» **ASSIGNMENT**
Further down are entries; set down exactly and only the lines from the one with "室内温泉游泳池天天换薪水，水温适宜，水质优良，利于健康。" up to and including the one with "Merlyna11 profile image: 1", dropping each picture.

» **DATA TO EXAMINE**
=== Section Start ===

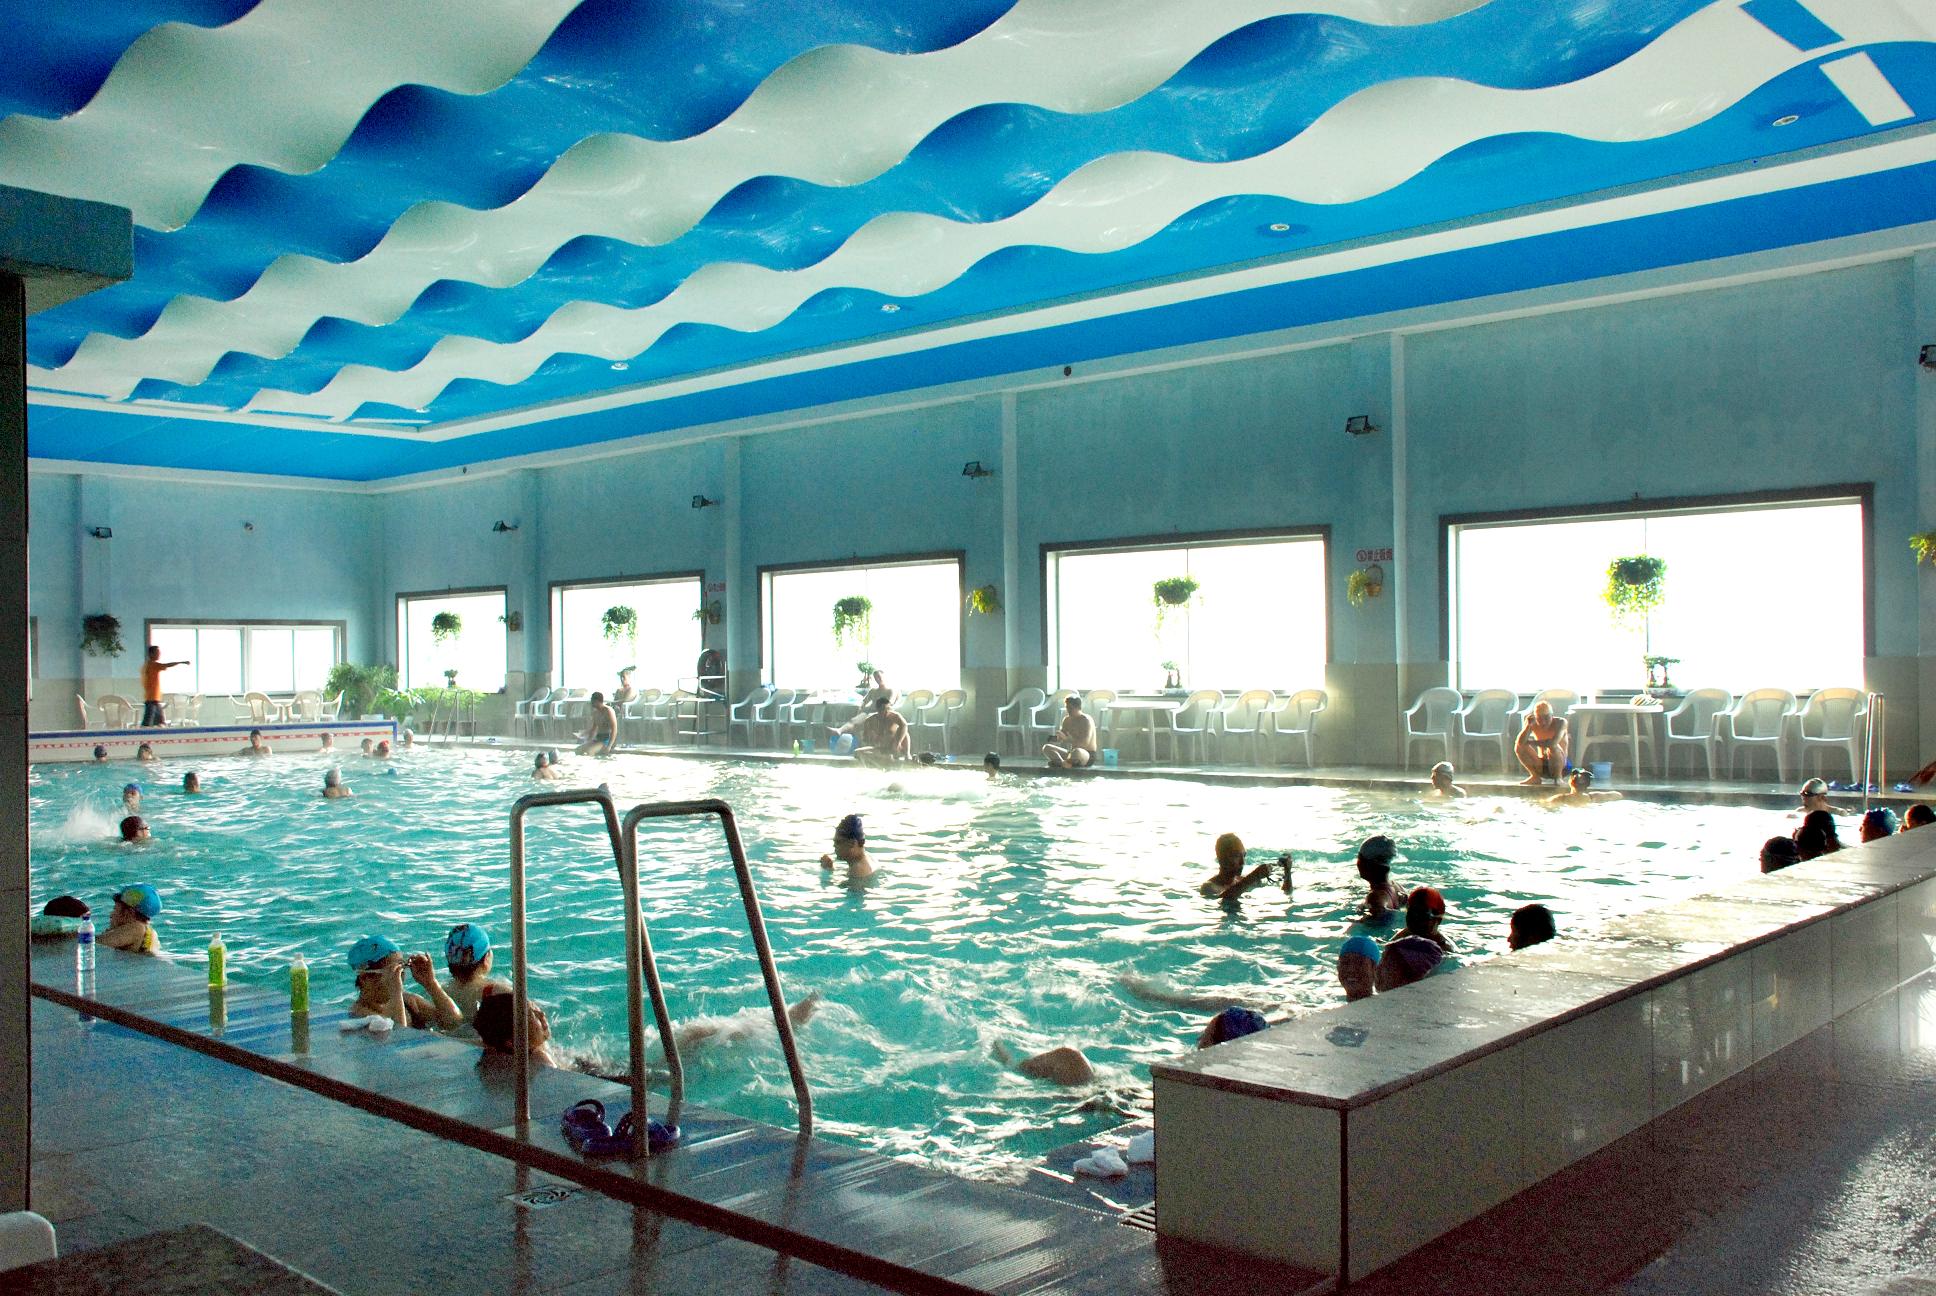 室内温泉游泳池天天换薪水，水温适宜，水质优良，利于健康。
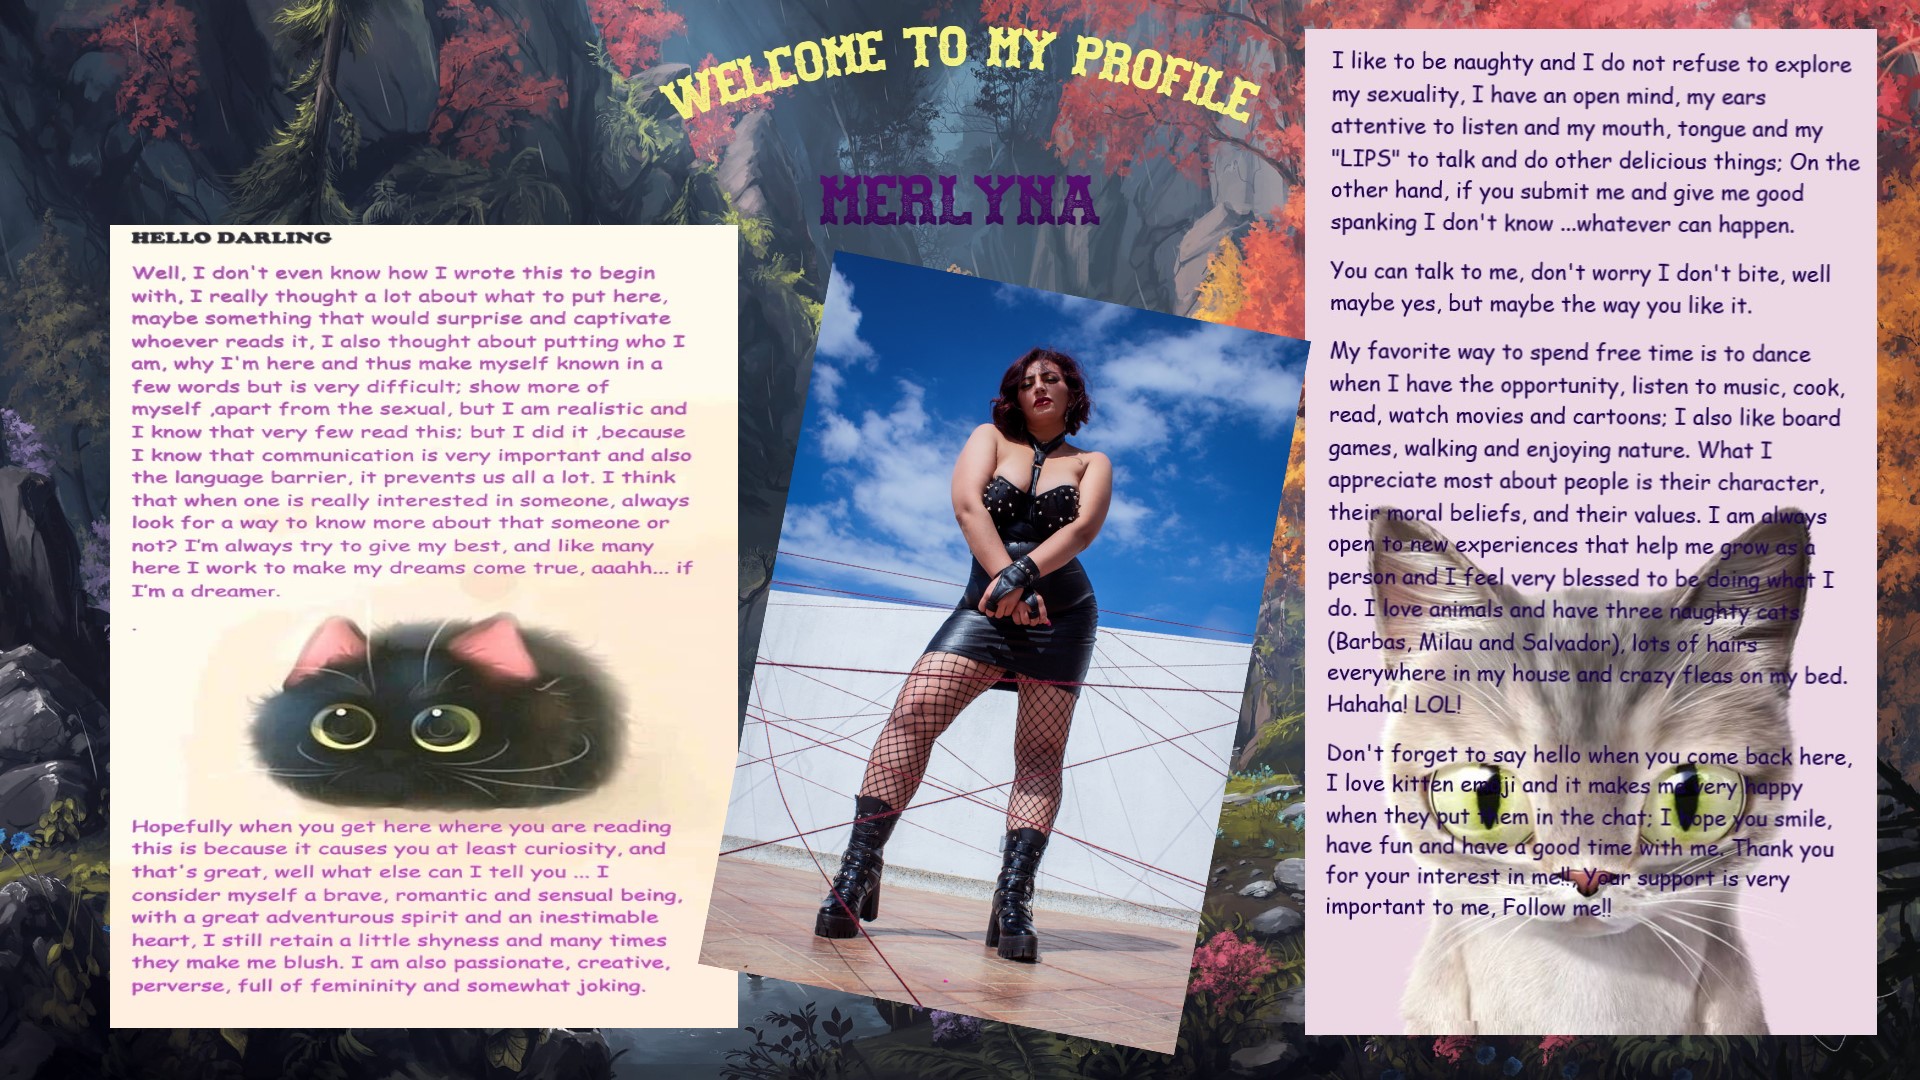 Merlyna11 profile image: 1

=== Section End ===
=== Section Start ===

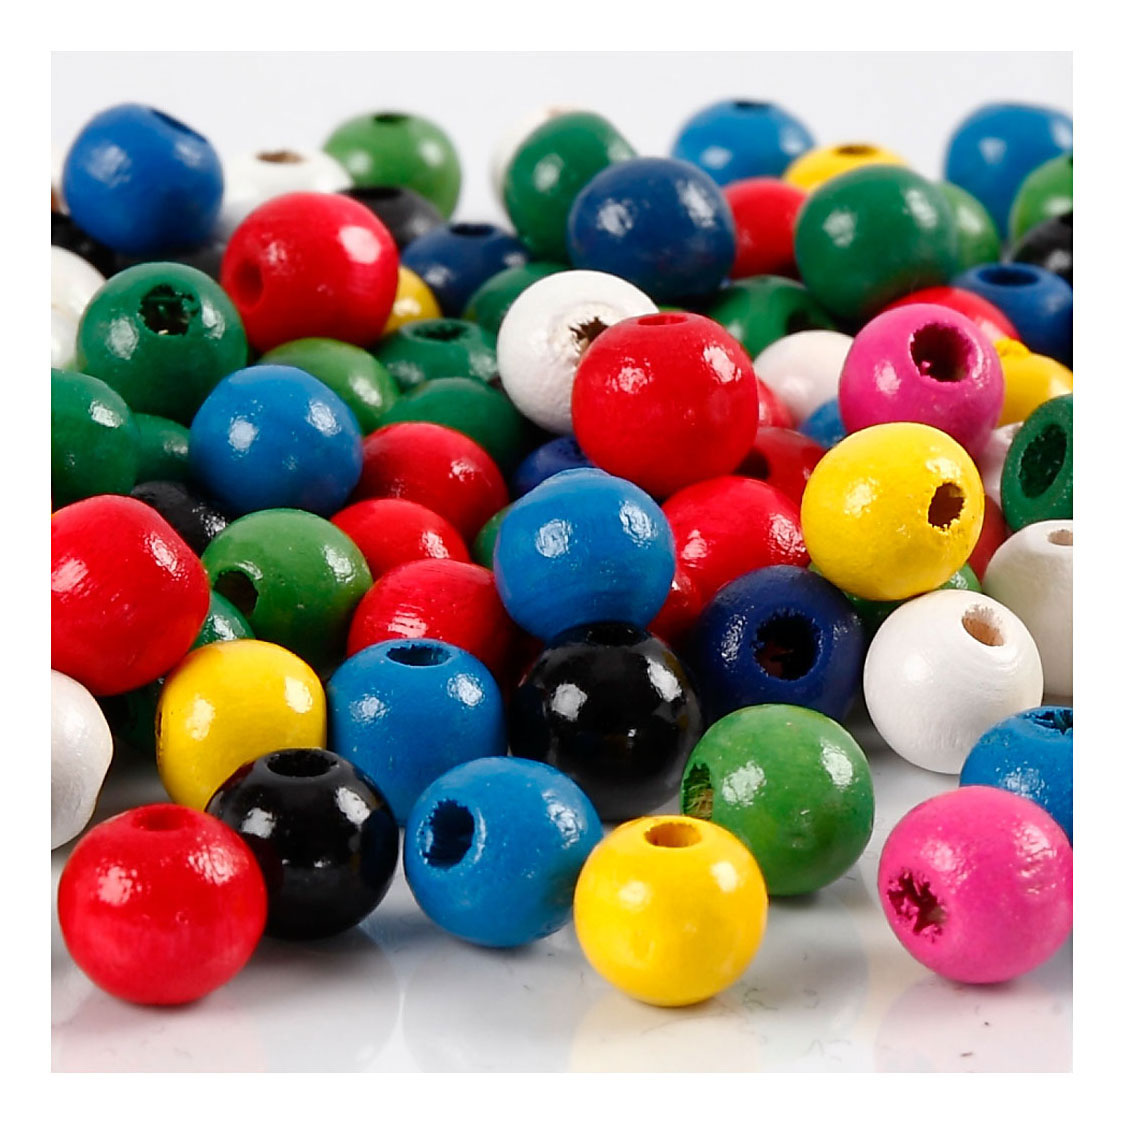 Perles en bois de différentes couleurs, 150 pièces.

=== Section End ===

» **SOLVED EXERCISE**
 室内温泉游泳池天天换薪水，水温适宜，水质优良，利于健康。
 Merlyna11 profile image: 1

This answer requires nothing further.